EXTRACTED DATA
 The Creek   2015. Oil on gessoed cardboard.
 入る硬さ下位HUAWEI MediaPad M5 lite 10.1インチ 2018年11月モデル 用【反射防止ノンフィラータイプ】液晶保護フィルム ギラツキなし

==

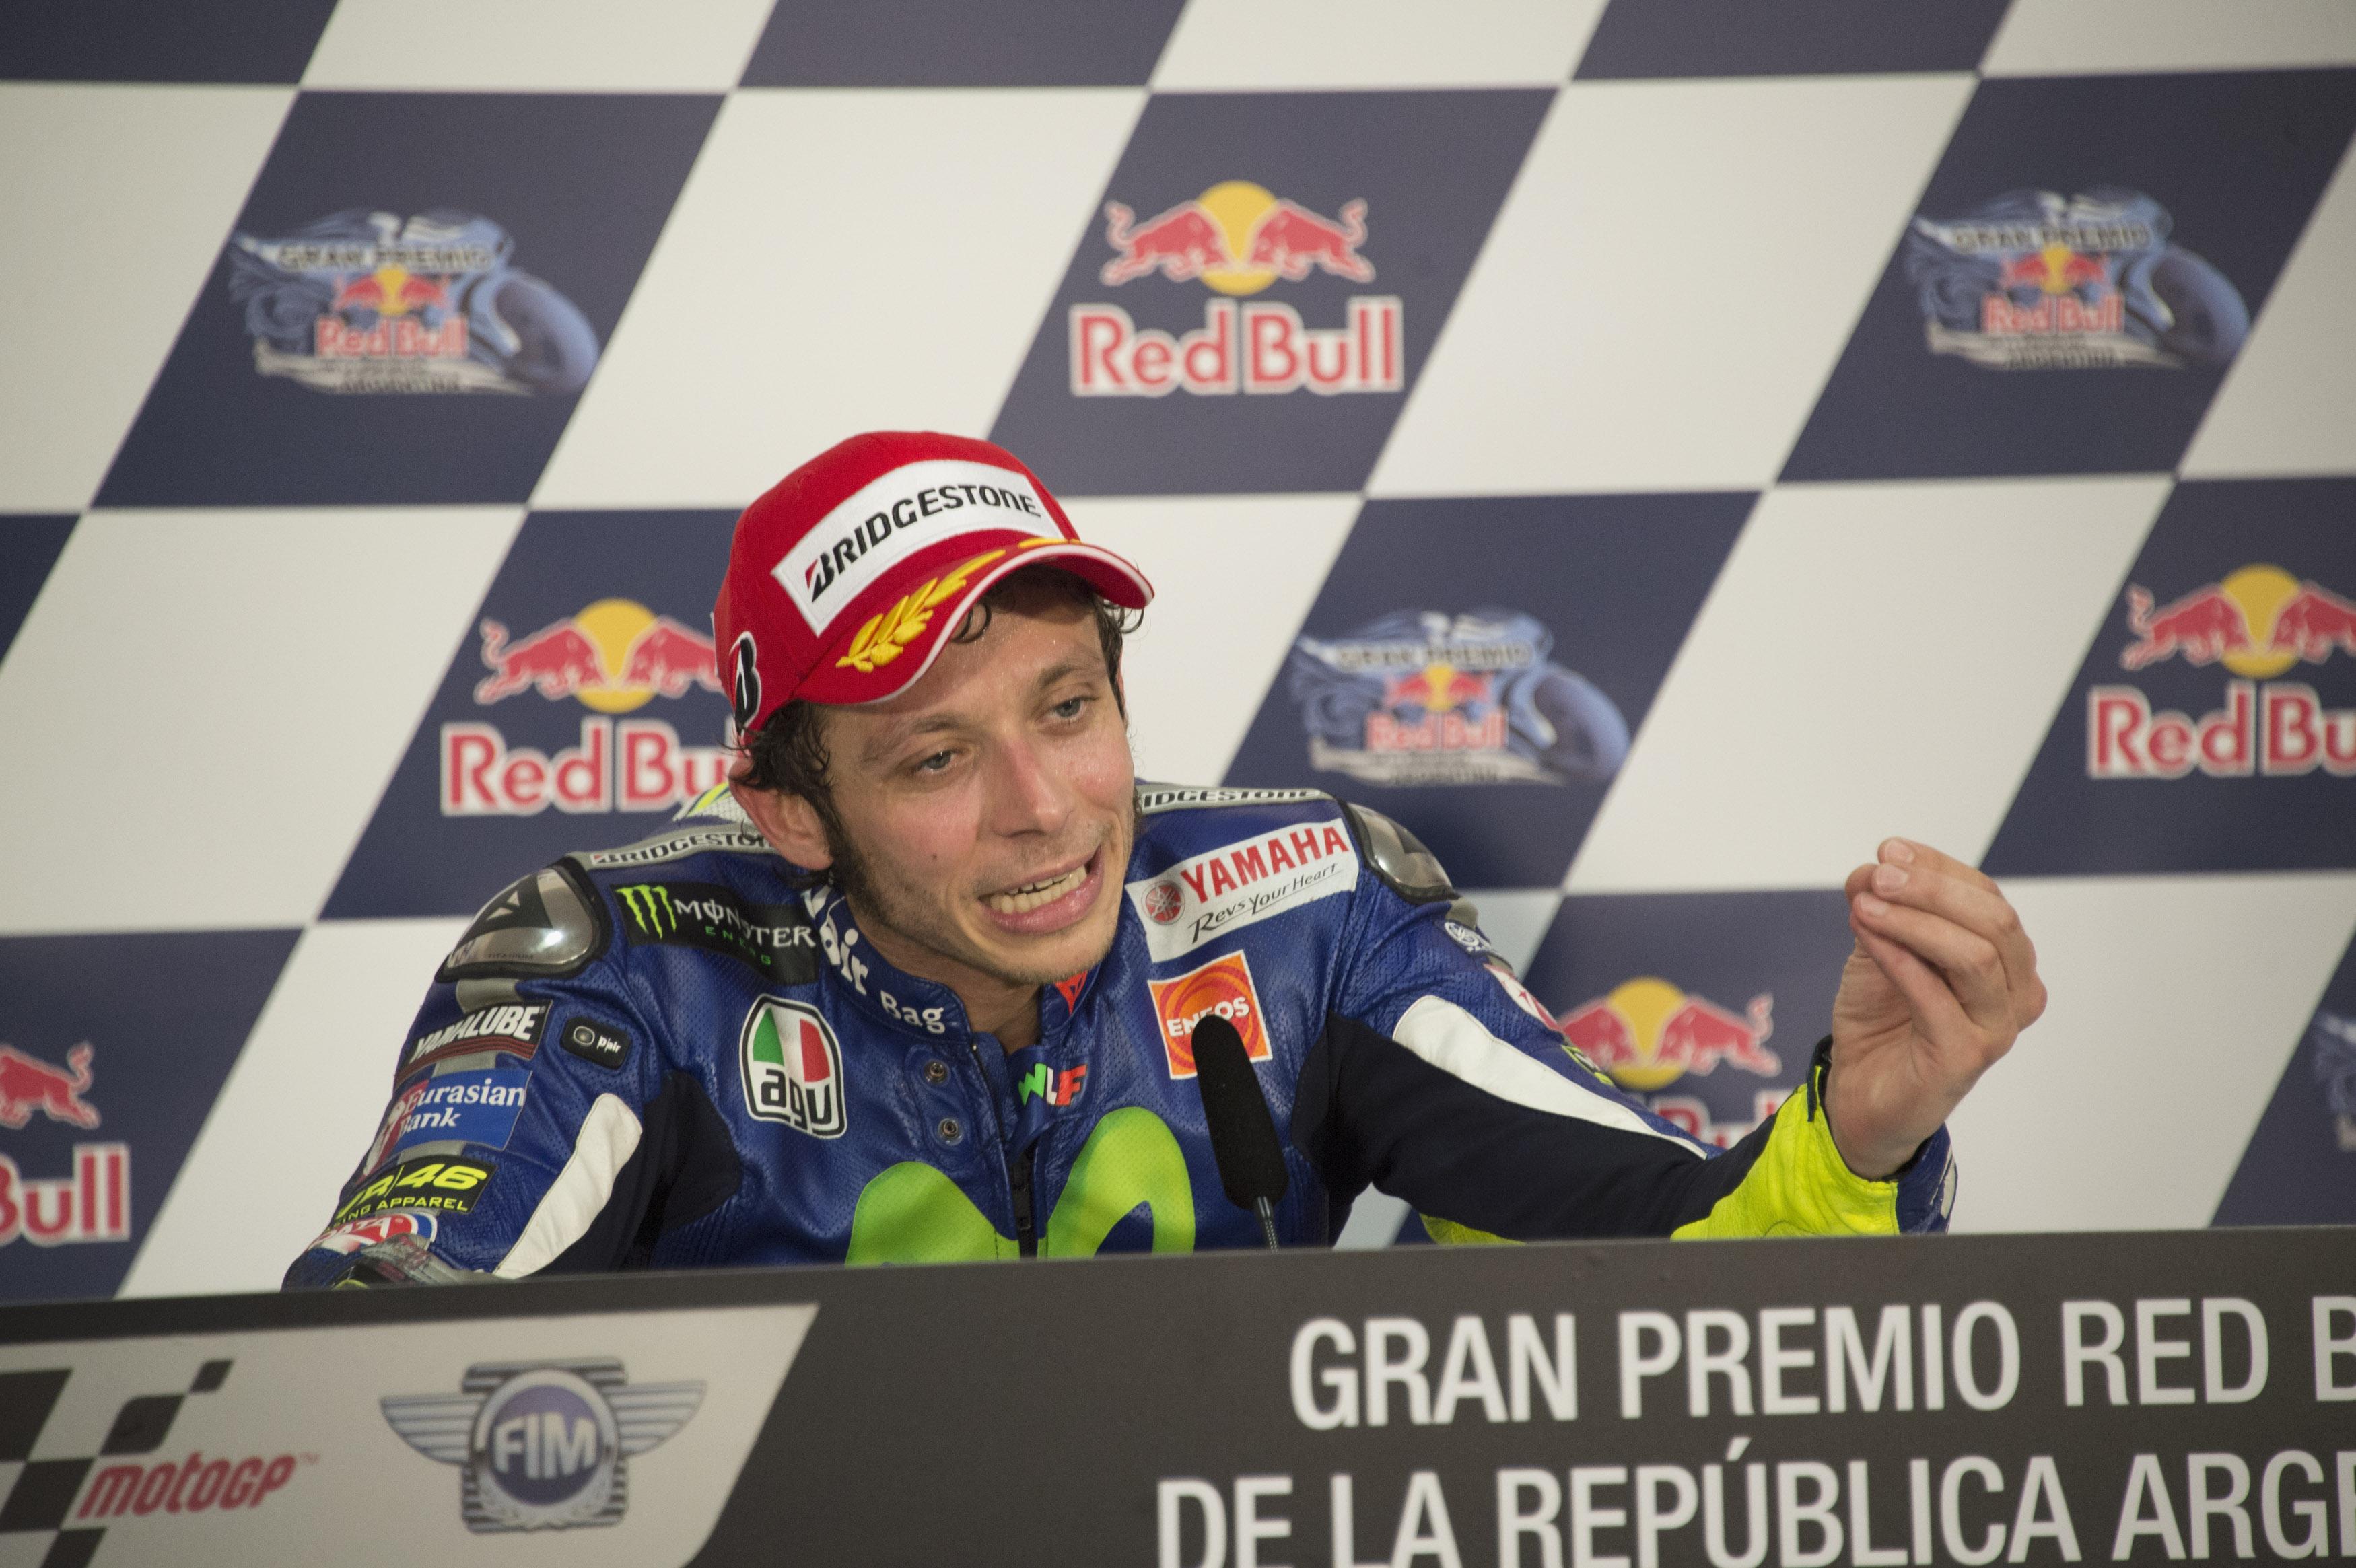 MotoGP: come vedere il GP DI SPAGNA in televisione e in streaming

--

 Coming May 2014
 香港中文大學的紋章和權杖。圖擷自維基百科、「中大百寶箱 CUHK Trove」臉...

REQUIRED WORK
Return only the lines between the one holding "Coming May 2014" and the one holding "香港中文大學的紋章和權杖。圖擷自維基百科、「中大百寶箱 CUHK Trove」臉...", inclusive, exactly as they appear above.

TASK OUTPUT
 Coming May 2014
 香港中文大學的紋章和權杖。圖擷自維基百科、「中大百寶箱 CUHK Trove」臉...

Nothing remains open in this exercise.